Start of DATA SECTION

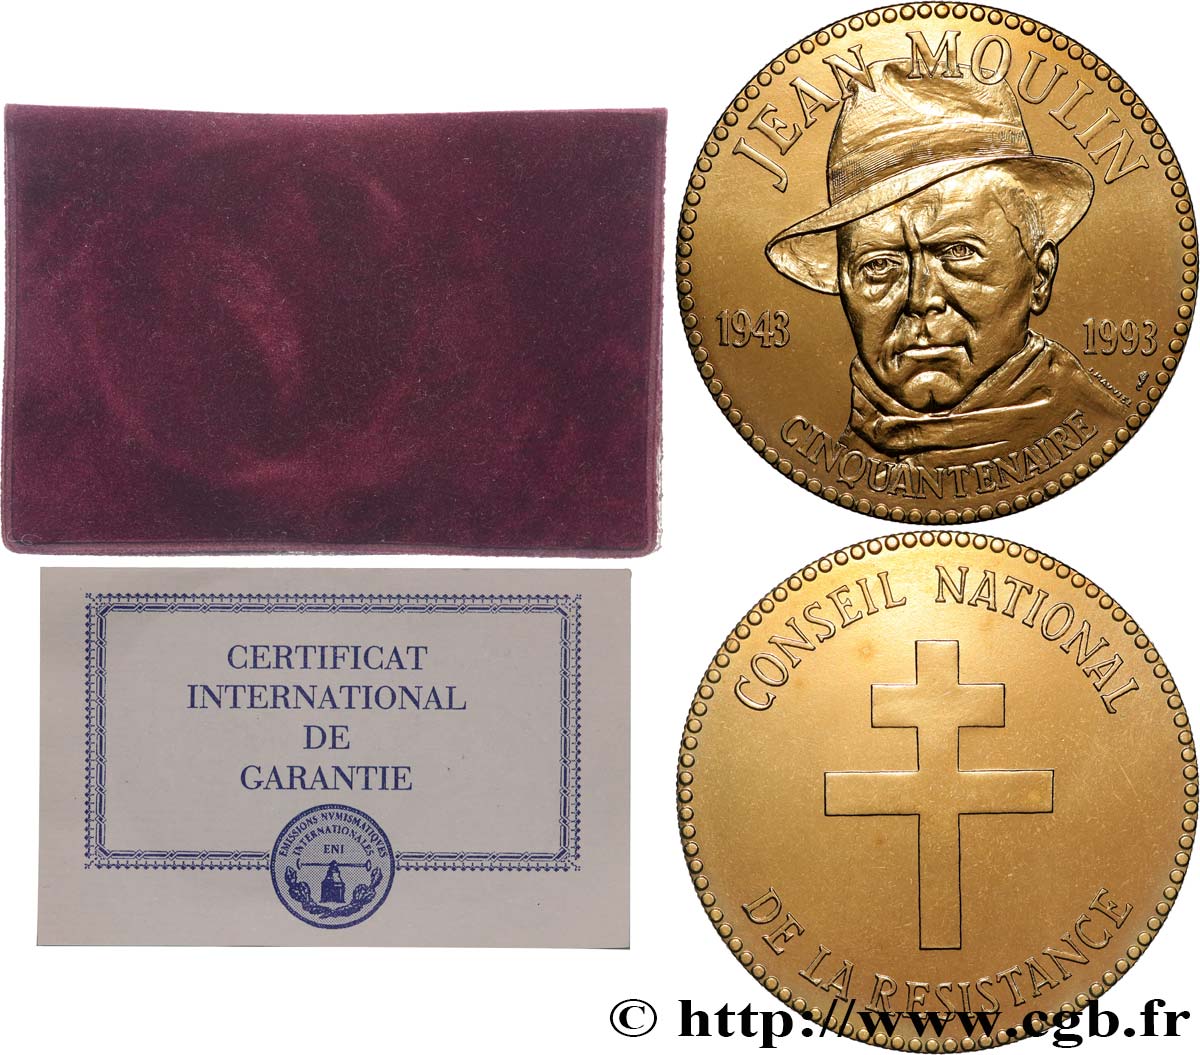 FAMOUS FIGURES Médaille, Jean Moulin, Conseil national de la résistance AU
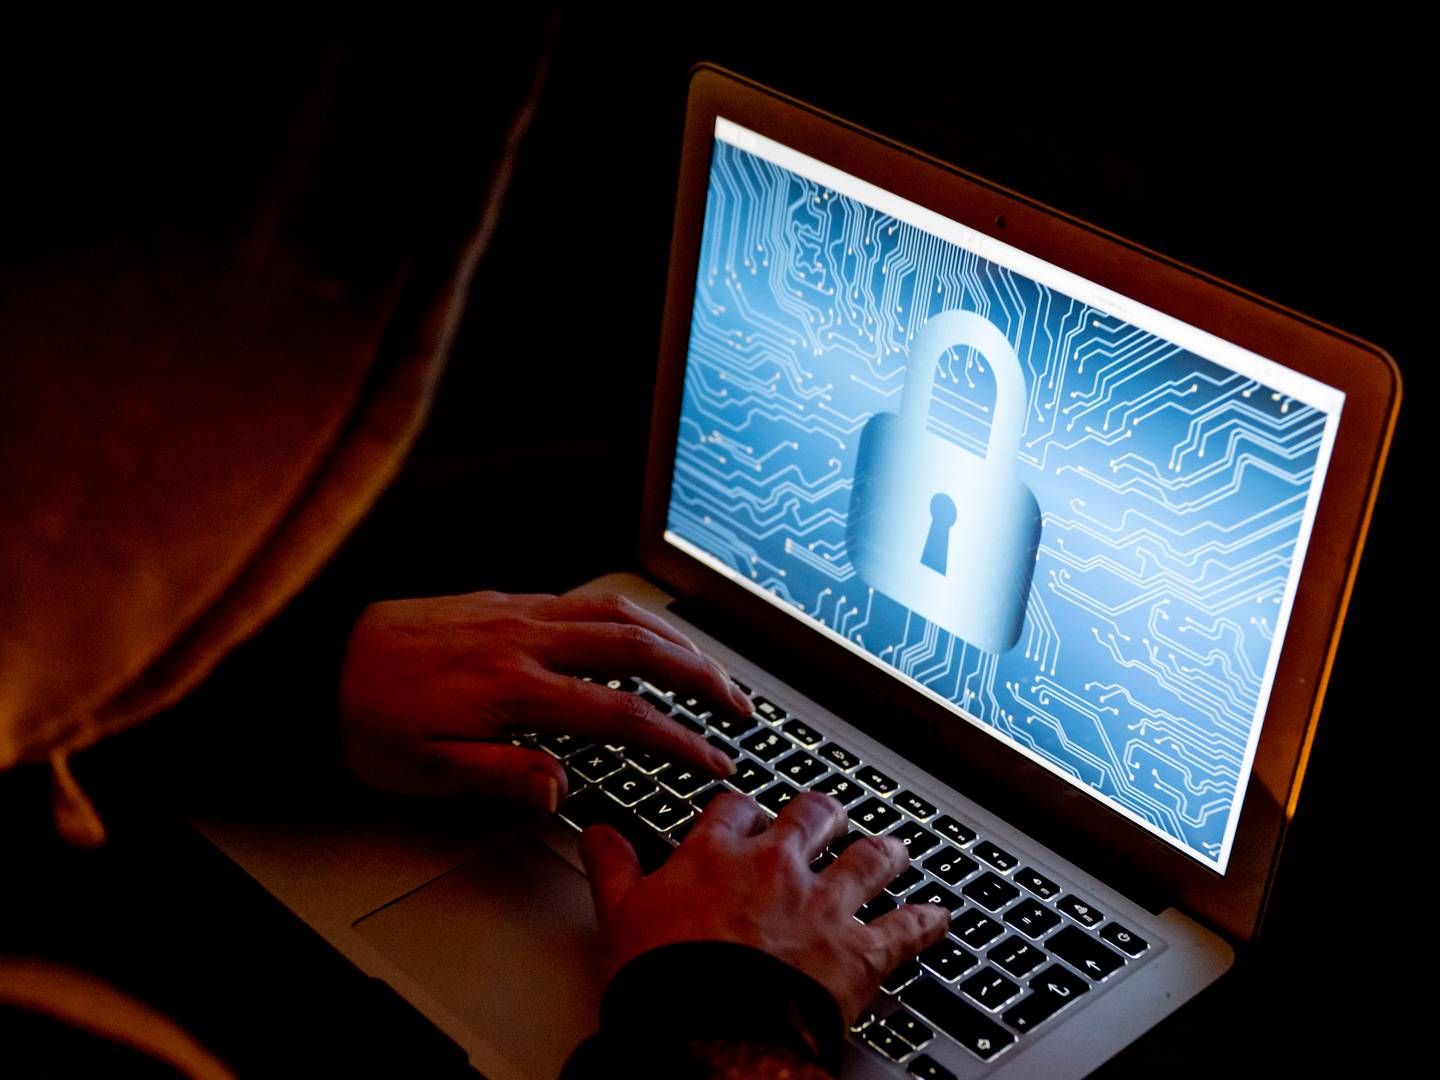 Hacker zielen eher auf Banken, nicht auf Cloud-Anbieter. | Foto: picture alliance / ROBIN UTRECHT | ROBIN UTRECHT
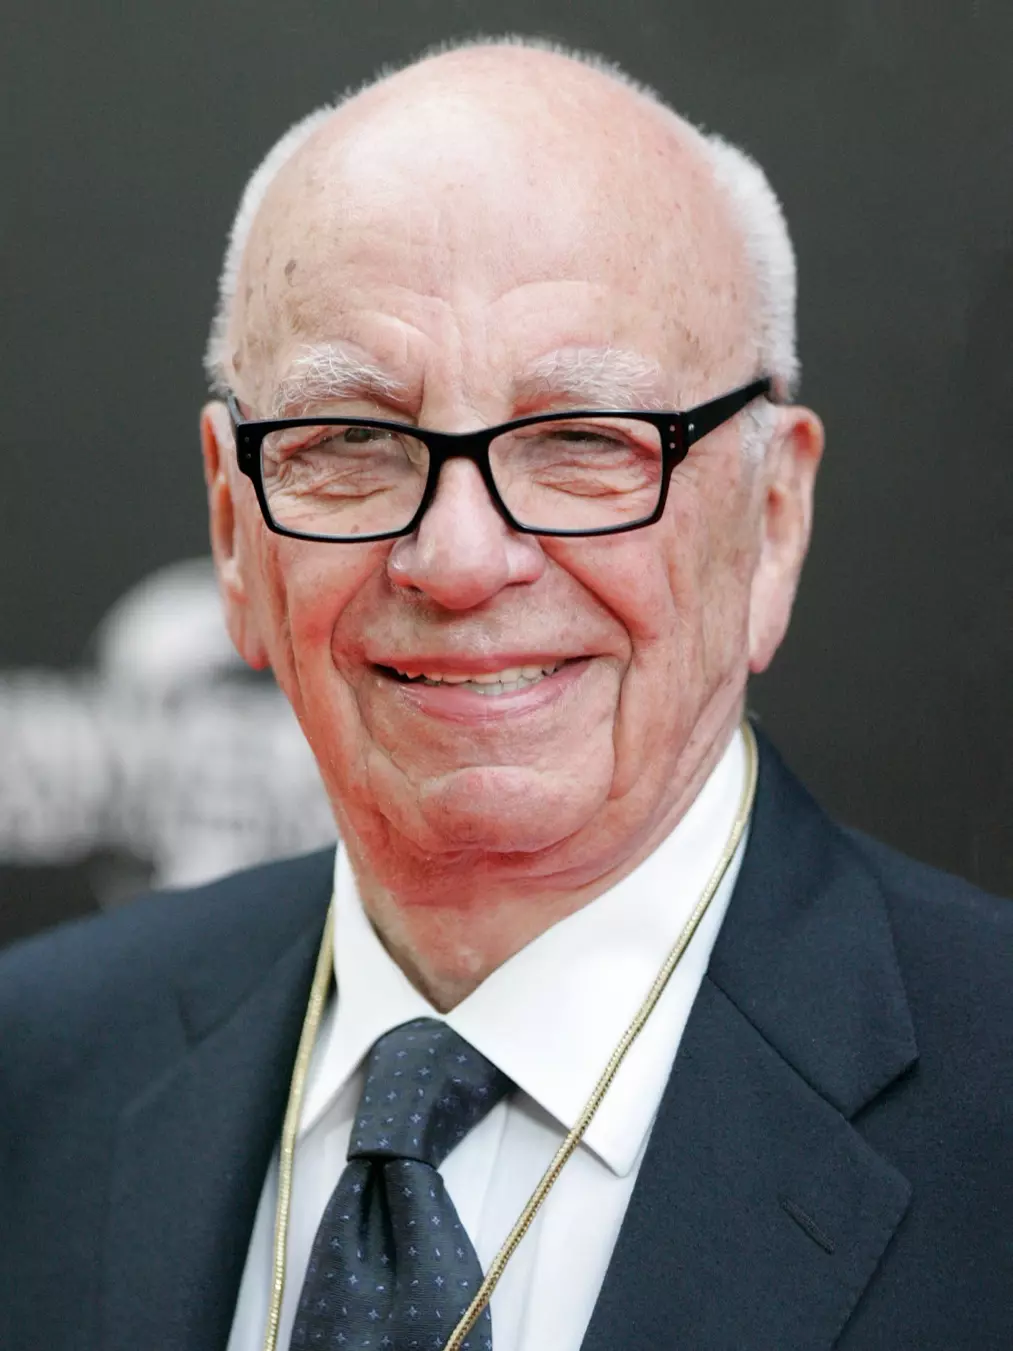 Rupert Murdoch steps down as head of News Corp and Fox Corp
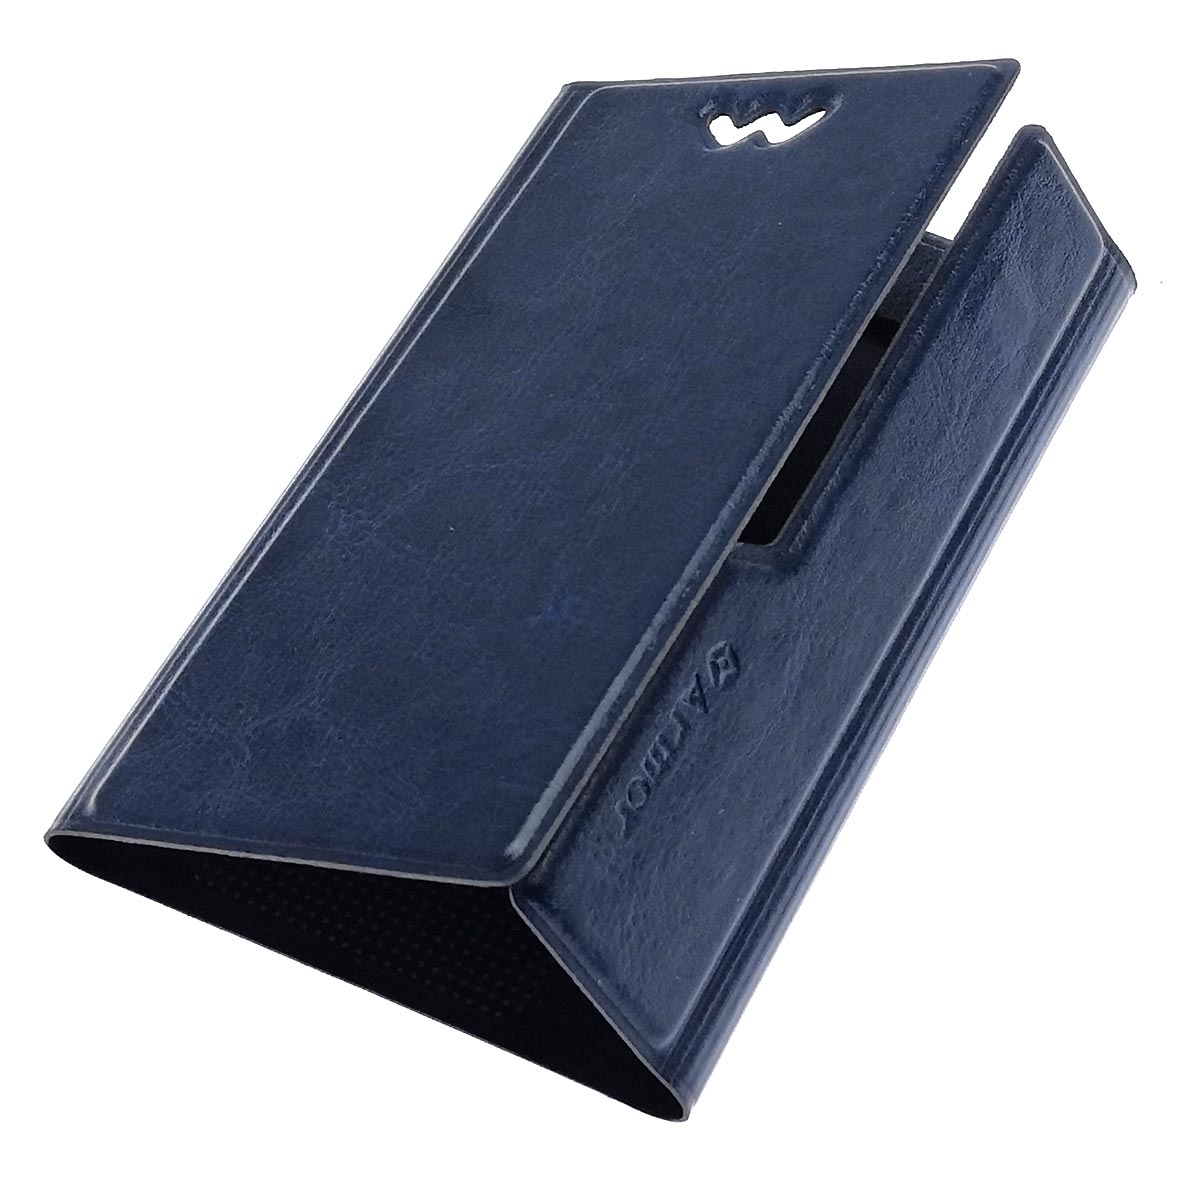 Чехол книжка универсальная Армор для смартфонов размером S, экокожа, цвет синий

End of DATA SECTION

- [YOUR TASK] Reproduce the listing exactly, minus its pictures.

- [RESULT FOR THIS EXERCISE]
 FAMOUS FIGURES Médaille, Jean Moulin, Conseil national de la résistance AU
 Hacker zielen eher auf Banken, nicht auf Cloud-Anbieter. | Foto: picture alliance / ROBIN UTRECHT | ROBIN UTRECHT
 Rupert Murdoch steps down as head of News Corp and Fox Corp
 Чехол книжка универсальная Армор для смартфонов размером S, экокожа, цвет синий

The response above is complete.